Ее карие глаза блеснули:

— Только если это действительно важно для дела. Без лишних интриг.

— Абсолютно честно, — я поднял руки. — Чистая наука. Кстати, — я посмотрел на часы на стене, — уже так поздно.

Лена встала и поставила чашки в буфет красного дерева. В комнате пахло ее любимыми духами и свежезаваренным чаем.

Изящная фигурка в простом платье в глубине комнаты дразнила и манила меня к себе. Я буду круглым идиотом, если оставлю сейчас ее.

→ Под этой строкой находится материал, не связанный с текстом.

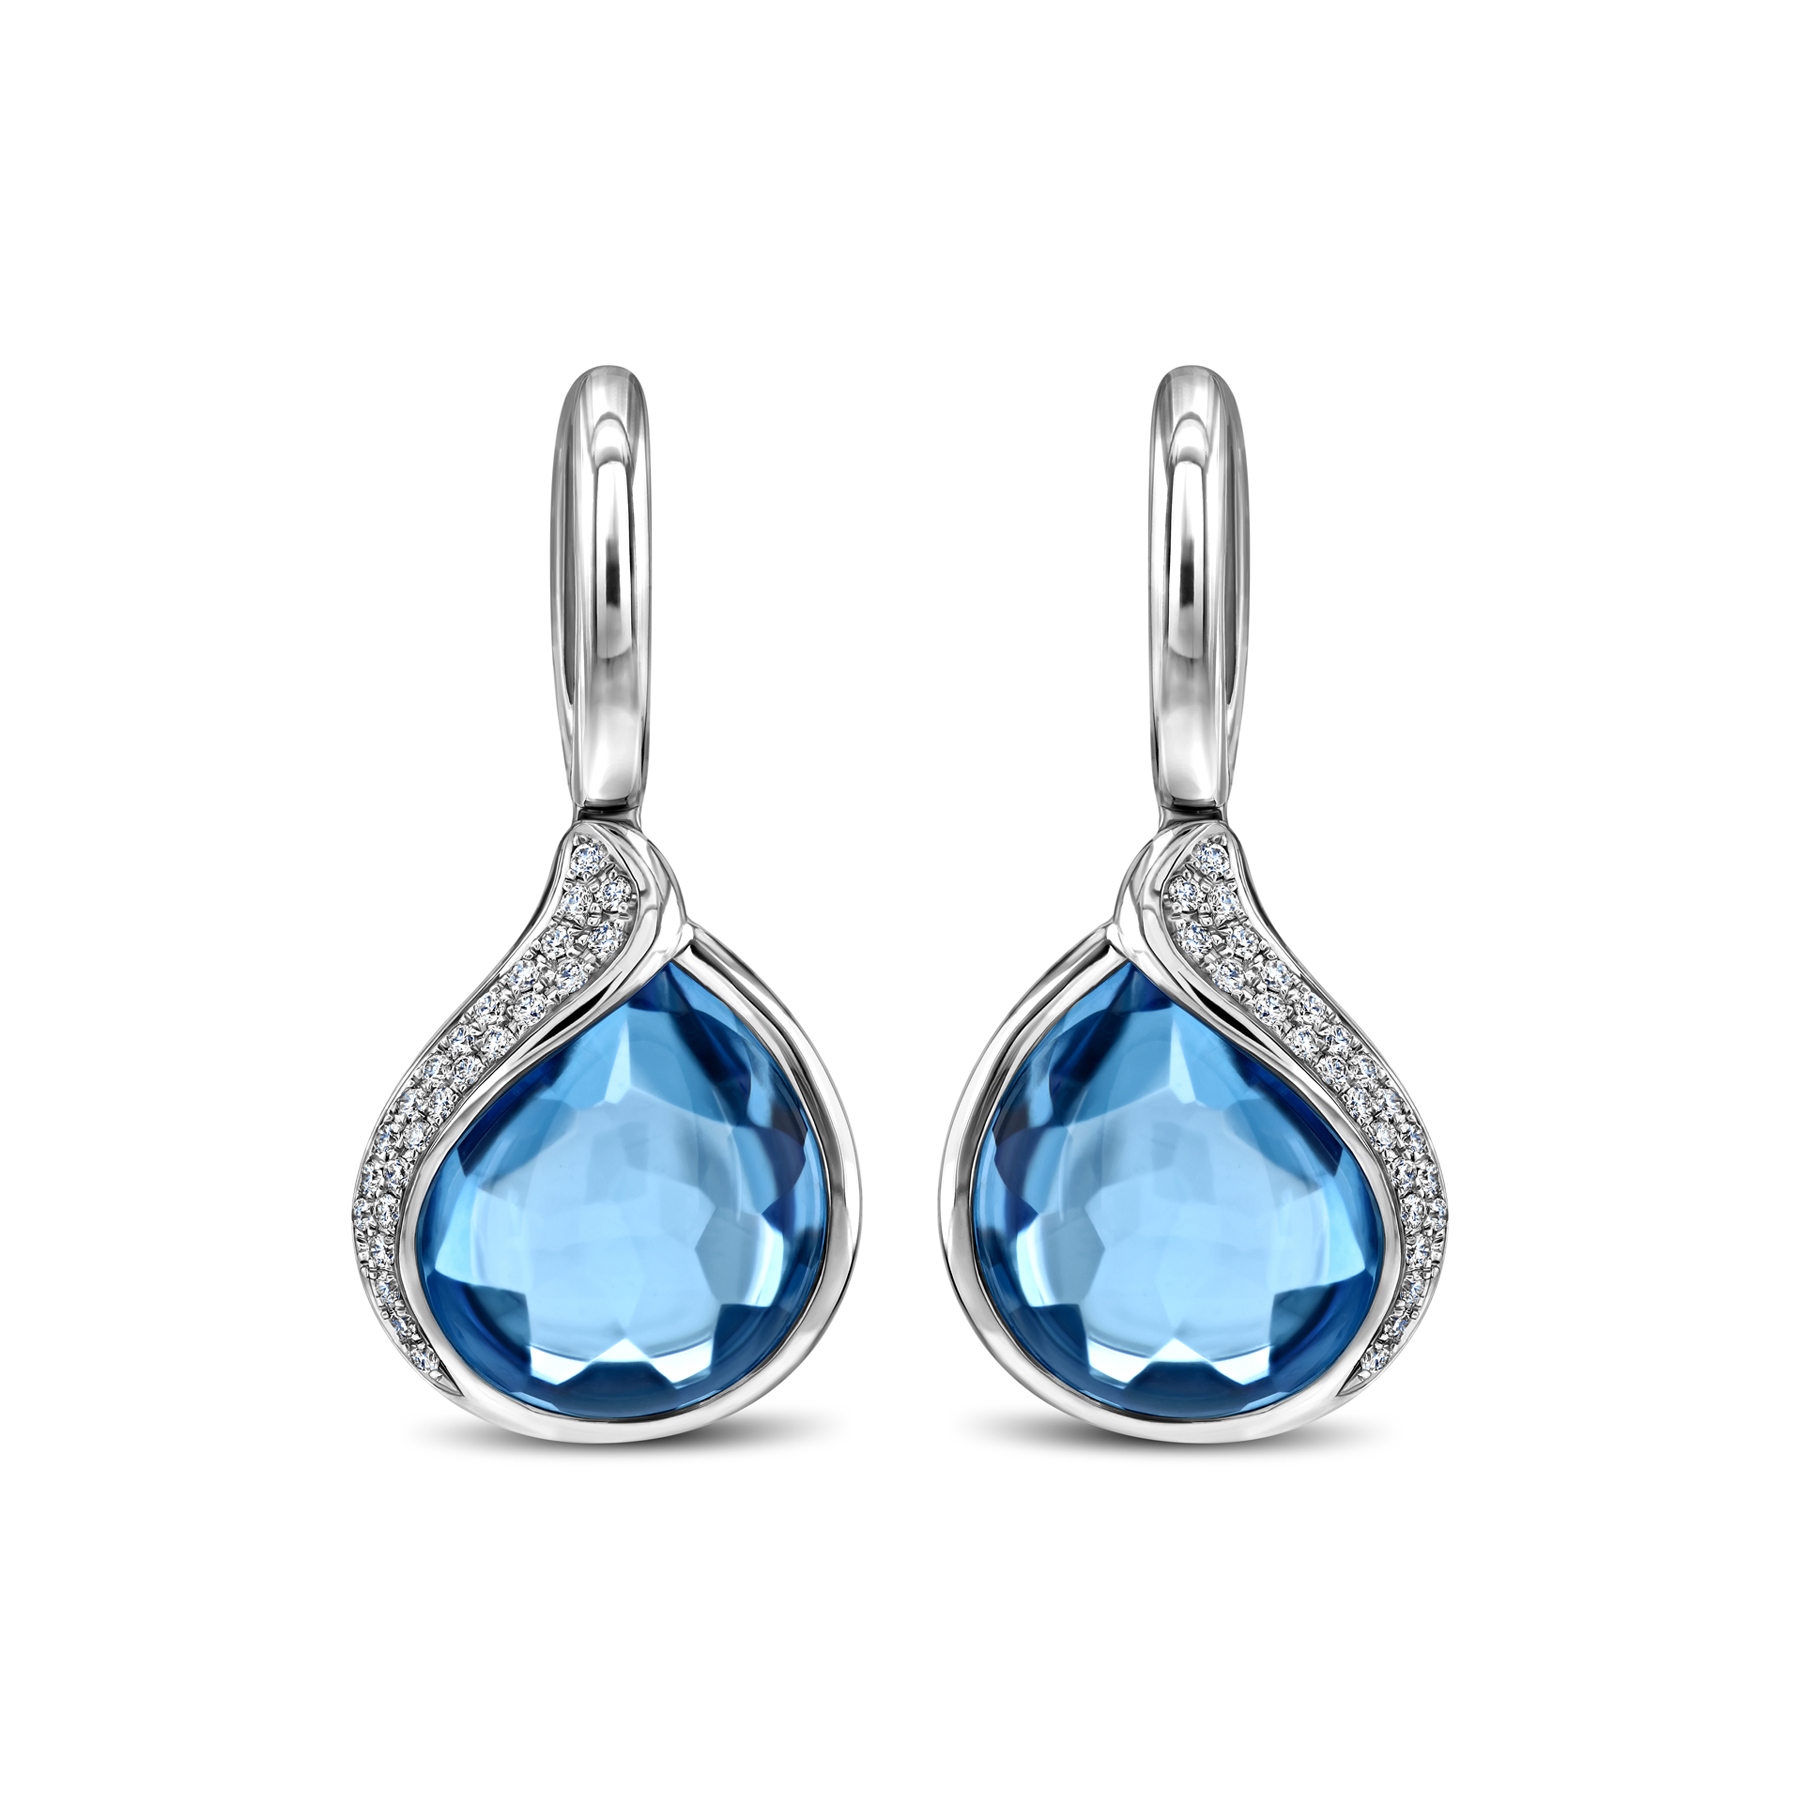 Cabochon blue topaz and diamond tear-drop earrings

— Или так рано, — я тоже встал и подошел к ней сзади, осторожно коснувшись плеч. Ощутил тепло тела девушки через шелковую ткань.

Она обернулась, глаза в полумраке казались темными. Жемчужная нить на шее мягко поблескивала в свете настольной лампы.

— Вы же хотели посмотреть технические журналы, — прошептала она, но не отстранилась.

— Уже посмотрел, — я наклонился ближе. От ее волос пахло весной, несмотря на январскую стужу за окнами.

Первый поцелуй был осторожным, почти невесомым. Лена чуть вздрогнула, но потом ответила, обвив руками шею. Ее губы были теплыми и пахли чаем с бергамотом.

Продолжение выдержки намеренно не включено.